Regresó el pan de piquito


En la Venezuela de la que nadie se acuerda, o por la edad no se conoce, las panaderías vendían el pan de “a locha” o pan de “piquito”.

Denominado de a locha por su precio de venta, al representar la locha un octavo de bolívar, es decir, 0,1275 bolívares (la mitad de un medio, que a su vez era Bs. 0,25).

Se llamaba también de piquito, porque era un bollo de pan con un pico a cada lado, producto de la presión que hacía el panadero al momento de hacerlo.

La inflación acabó con la practicidad del uso de la locha. Lo que llevó a que el Banco Central de Venezuela, como ente emisor de la moneda, no volviera a acuñarla.

Con la corrección monetaria del 2008, que lanzó el bolívar fuerte, de la locha ya nadie más volvió hablar, cuando ya nadie se recordaba del pan de piquito.

El consumidor venezolano nunca más volvió a ver el pan de piquito en las panaderías. La expresión “tráete una bolsa de pan”, en referencia a 8 panes de a locha, por valor un bolívar de pan, no se volvió a escuchar en las casas.

El recuerdo de este pan solo quedó en las expresiones de dos periodistas venezolanos: Nelson Luis Martínez, director del tabloide Últimas Noticias, y en el verbo de Oscar Yánez.

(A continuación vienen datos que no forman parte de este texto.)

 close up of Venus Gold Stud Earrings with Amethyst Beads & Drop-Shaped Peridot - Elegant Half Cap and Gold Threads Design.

En ambos casos, en la frase “Se acabó el pan de piquito”. A Nelson Luis le gustaba para los titulares de Últimas Noticias; y a Oscar Yánez se le oía decir en sus micros radiales y televisivos de “Así Son las Cosas”.

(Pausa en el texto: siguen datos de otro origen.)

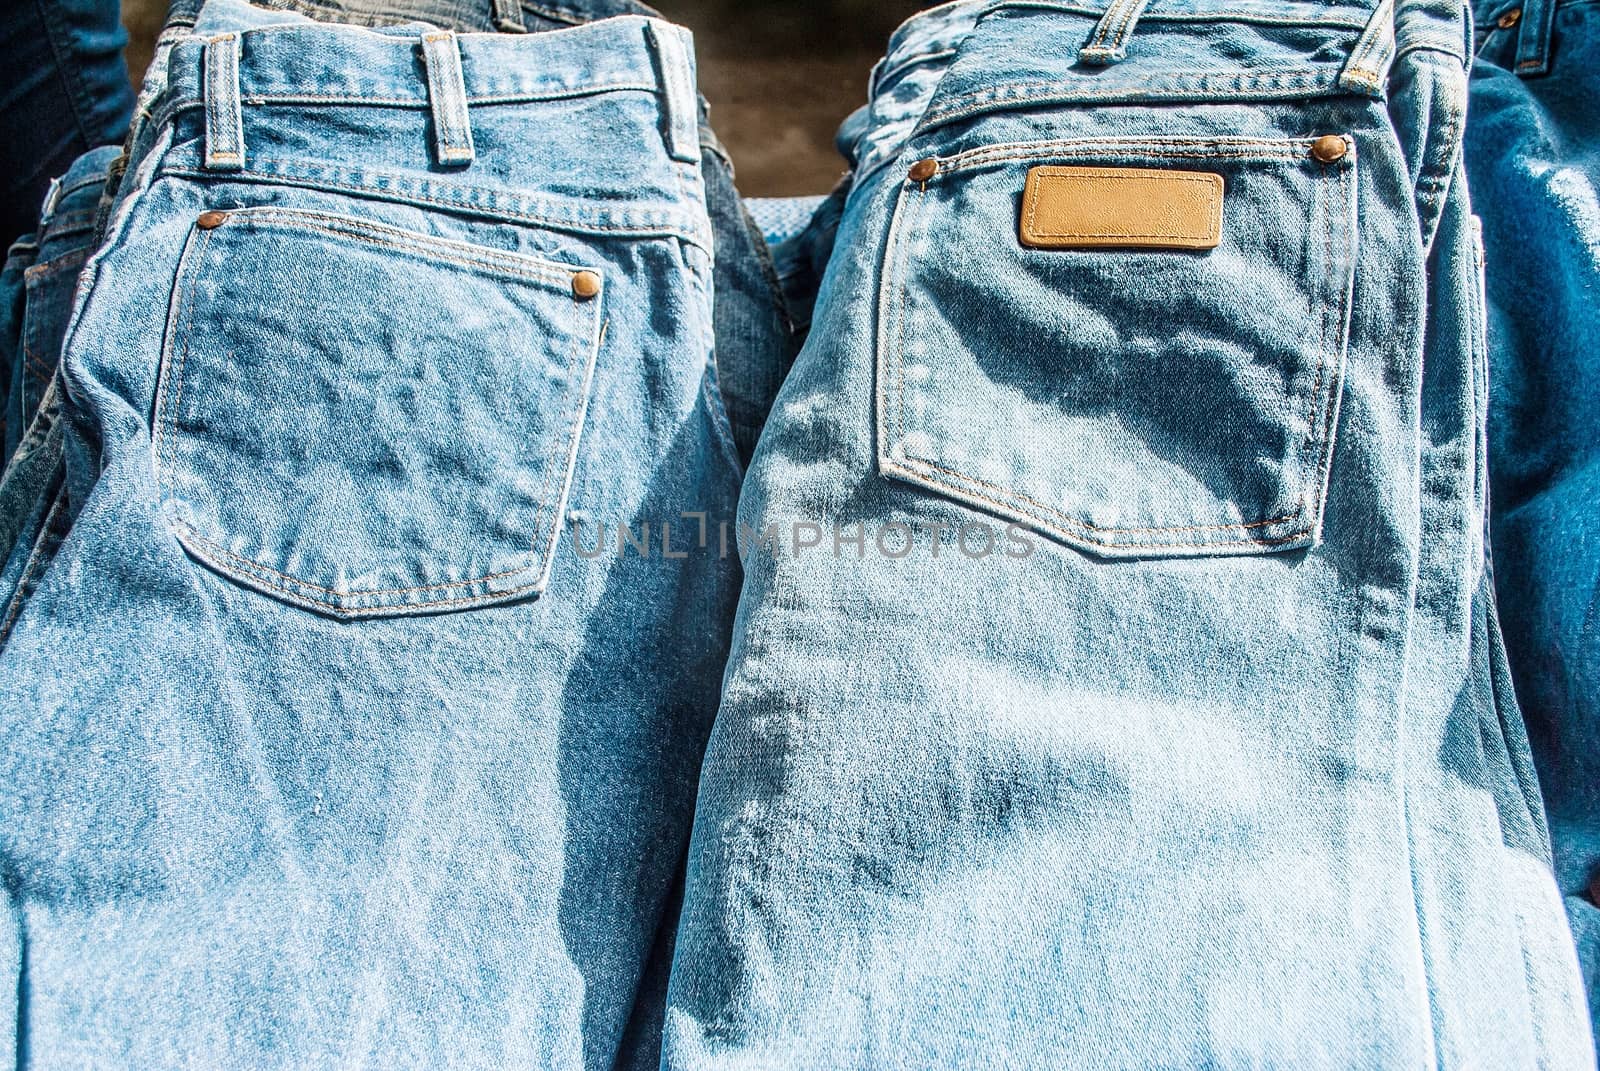 Lot of different blue jeans Blue Jeans by rakoptonLPN

El uso de la expresión, tenía que ver con una connotación apocalíptica, cuando se estimaba que las cosas se iban a poner peor.

Para esa Venezuela, era impensable que se acabara el pan de piquito. Las horneadas de pan se daba con regularidad, nunca faltaba y nadie hacía cola a las puertas de las panaderías.

Dentro de los horarios acostumbrados, si alguien llegaba y el pan se había agotado, era común oír del panadero la expresión “aguántate un poco que ya sale el pan del horno”.

Ese pan de piquito fue eliminado con el tiempo por la ola inflacionaria que ha afectado a los venezolanos desde los años 80. Los consumidores se acostumbraron a pedir panes más grandes, bajo las denominaciones de pan sobado, francés, gallego, etc.

En los últimos meses, la escasez de harina y la aceleración de la inflación hicieron el milagro de que resucitaran el pan de piquito.

La matemática panadera ha sido muy sencilla. Un pan sobado o francés, usualmente de unos 40 centímetros de largo, tendría un precio muy alto para el consumidor. Por lo que ahora se regresa al tamaño del pan de piquito, que es más pequeño; en longitudes que van de 17 a 25 centímetros.

El precio de venta, fiel reflejo de la inflación, es aterrador, al fluctuar de 100 a 190 bolívares la unidad; cuando hace unos meses por esos precios se podían comprar los panes más grandes.